**EXERCISE OBJECTIVE**
In the data below, begin at the line with "PHILIPPINE SEA (Aug." and stop after the line with "Chili Beer Cheese"; output those lines exactly and no pictures.

**DATASET CONTENT**
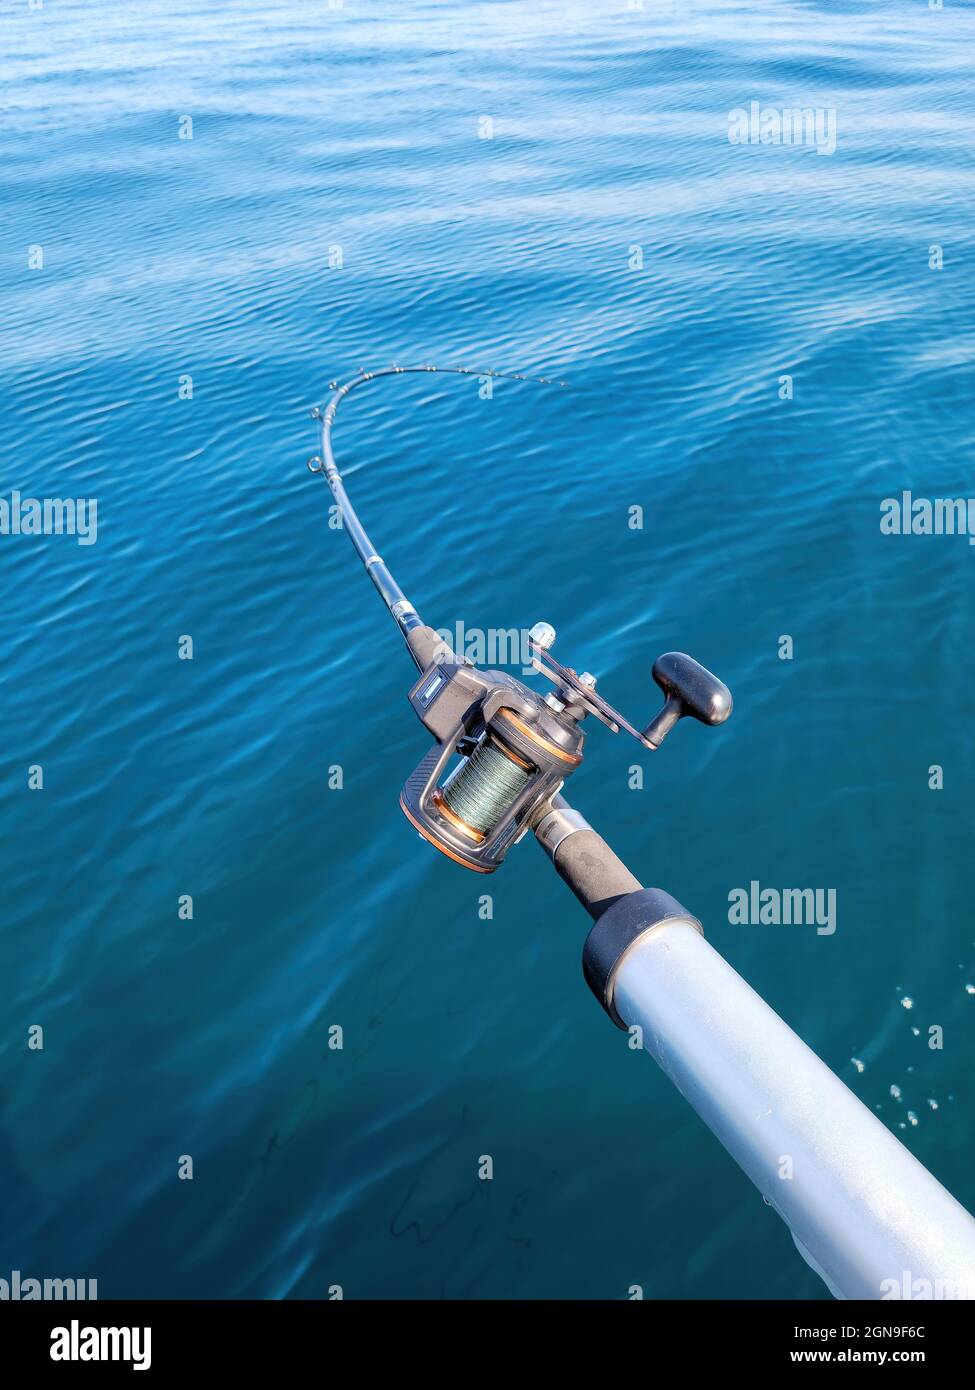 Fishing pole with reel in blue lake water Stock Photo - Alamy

...

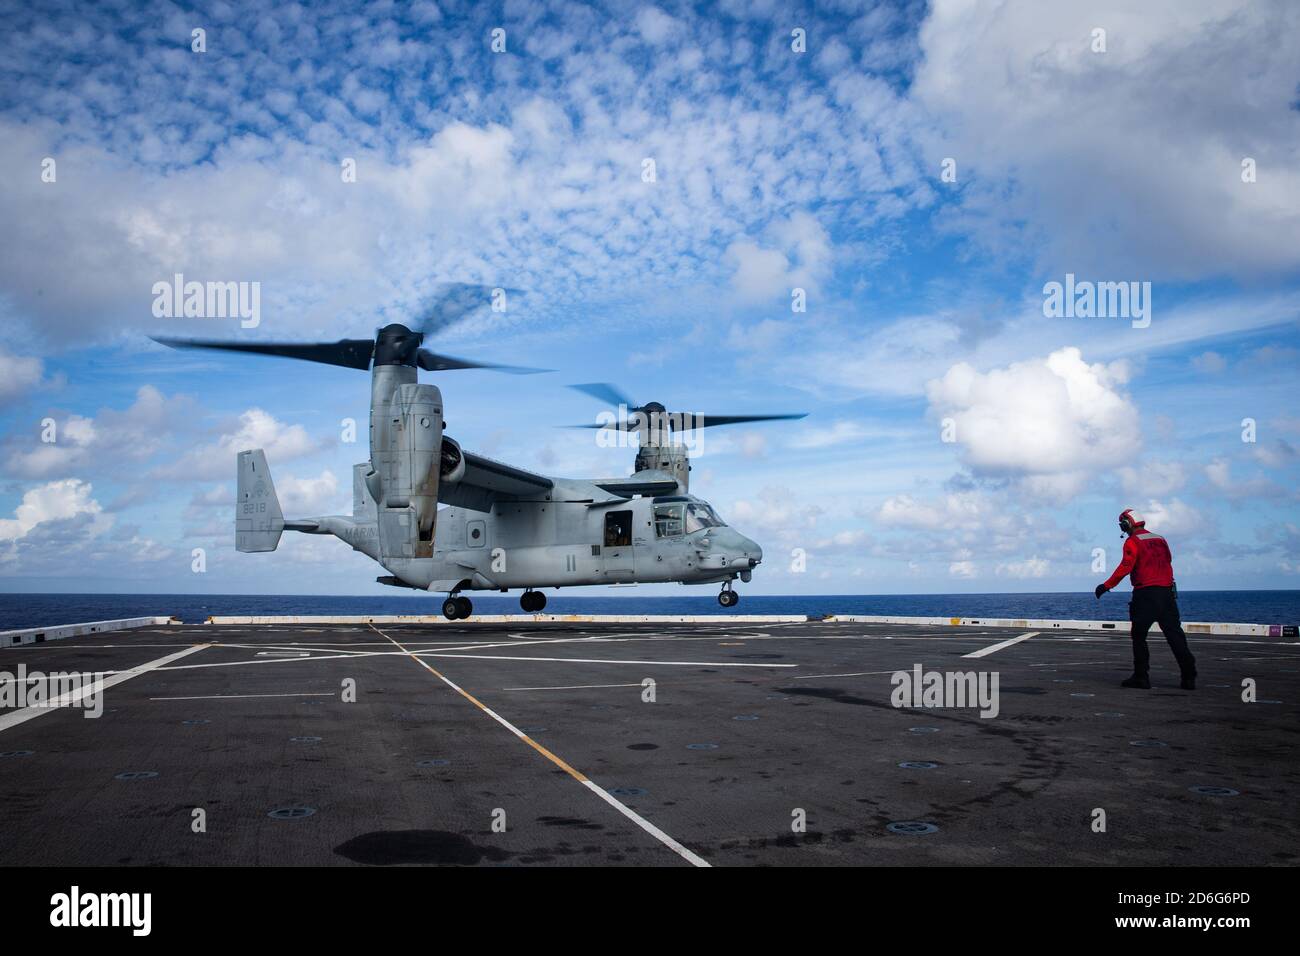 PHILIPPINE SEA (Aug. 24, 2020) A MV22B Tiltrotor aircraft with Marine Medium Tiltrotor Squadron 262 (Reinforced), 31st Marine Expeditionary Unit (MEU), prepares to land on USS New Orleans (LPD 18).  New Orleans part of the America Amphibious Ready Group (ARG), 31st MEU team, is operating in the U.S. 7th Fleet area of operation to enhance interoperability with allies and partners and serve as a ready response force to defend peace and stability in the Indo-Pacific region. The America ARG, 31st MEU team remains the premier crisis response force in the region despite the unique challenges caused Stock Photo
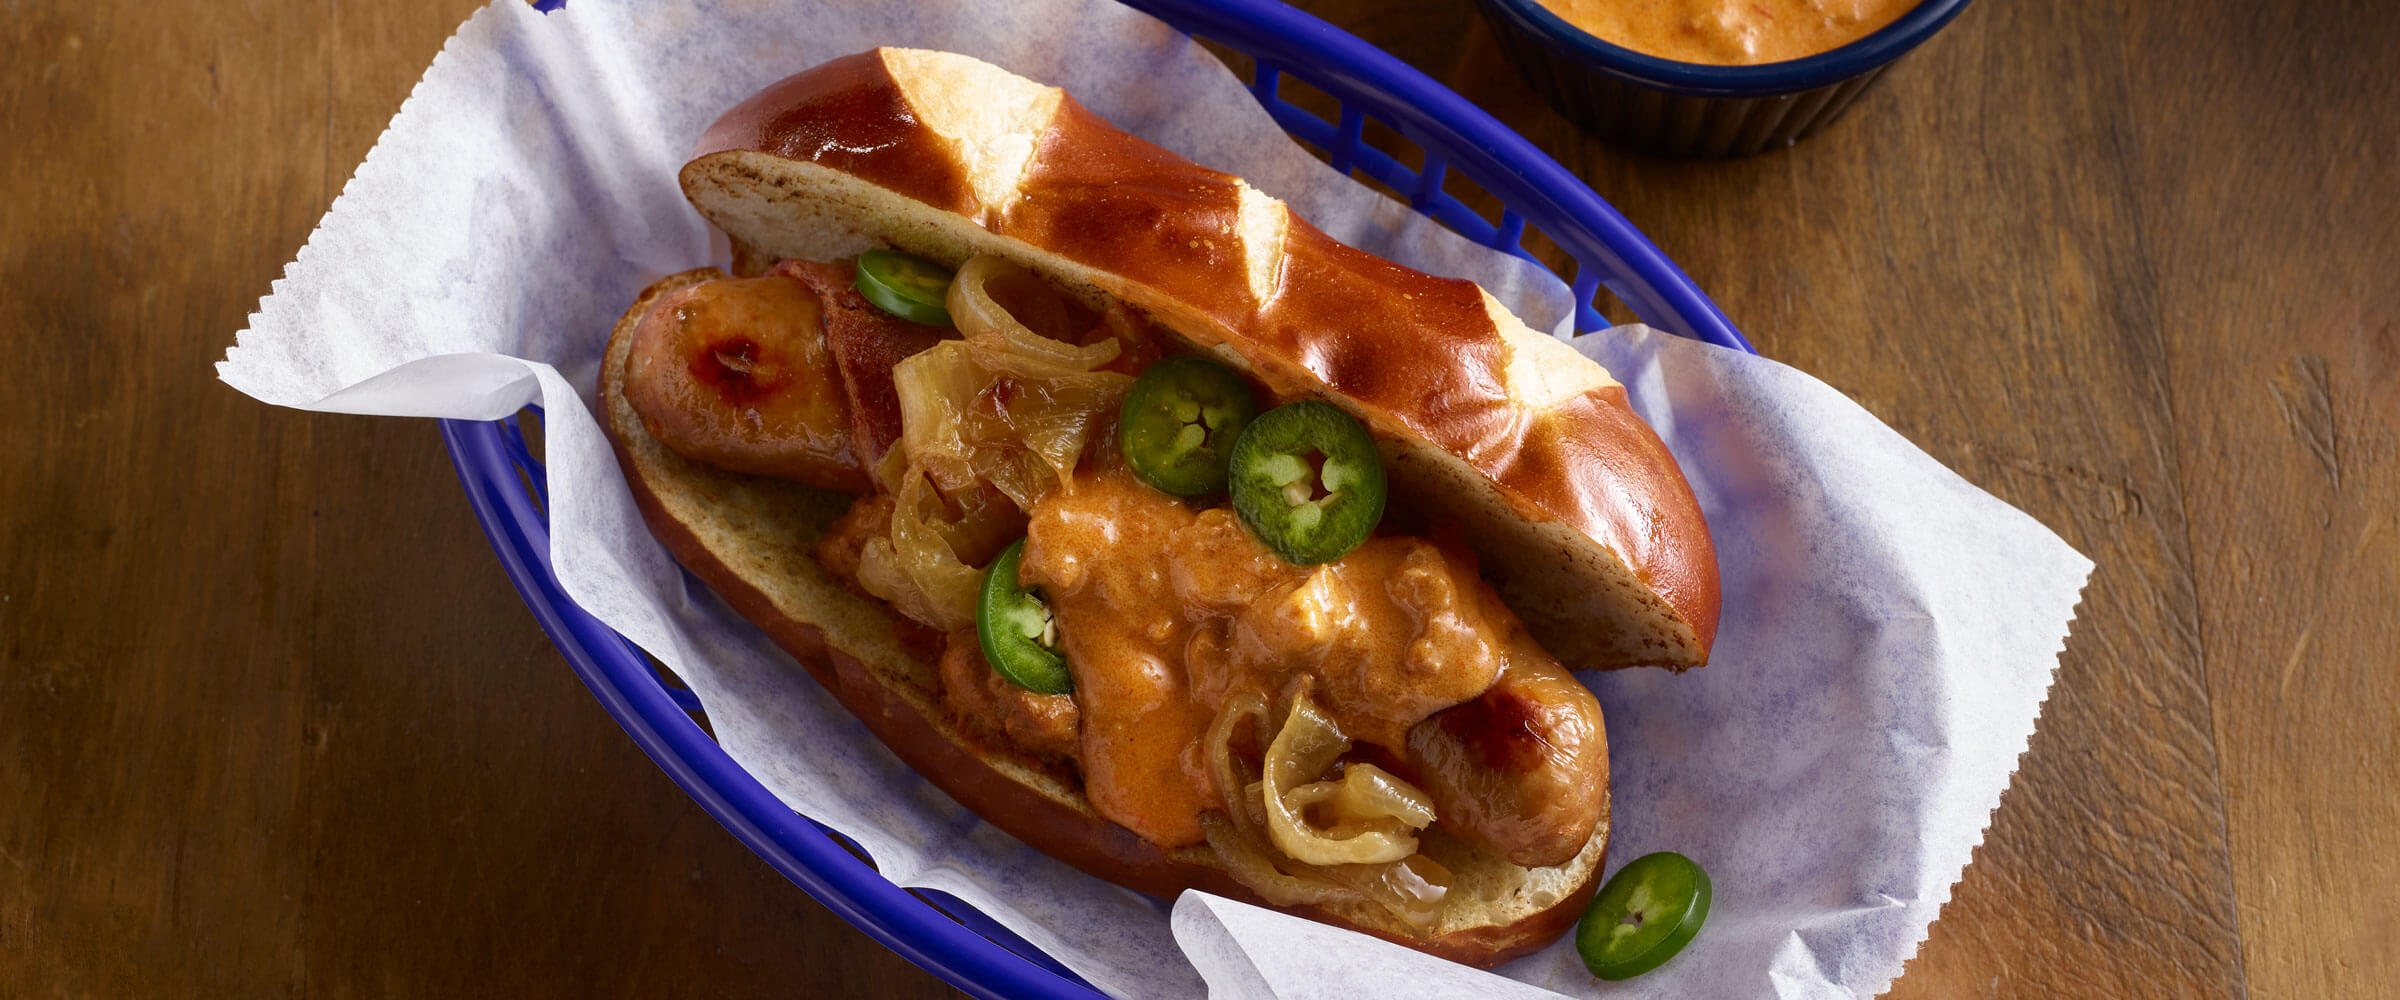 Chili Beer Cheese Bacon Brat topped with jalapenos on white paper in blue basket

**WORKED SOLUTION**
 PHILIPPINE SEA (Aug. 24, 2020) A MV22B Tiltrotor aircraft with Marine Medium Tiltrotor Squadron 262 (Reinforced), 31st Marine Expeditionary Unit (MEU), prepares to land on USS New Orleans (LPD 18).  New Orleans part of the America Amphibious Ready Group (ARG), 31st MEU team, is operating in the U.S. 7th Fleet area of operation to enhance interoperability with allies and partners and serve as a ready response force to defend peace and stability in the Indo-Pacific region. The America ARG, 31st MEU team remains the premier crisis response force in the region despite the unique challenges caused Stock Photo
 Chili Beer Cheese Bacon Brat topped with jalapenos on white paper in blue basket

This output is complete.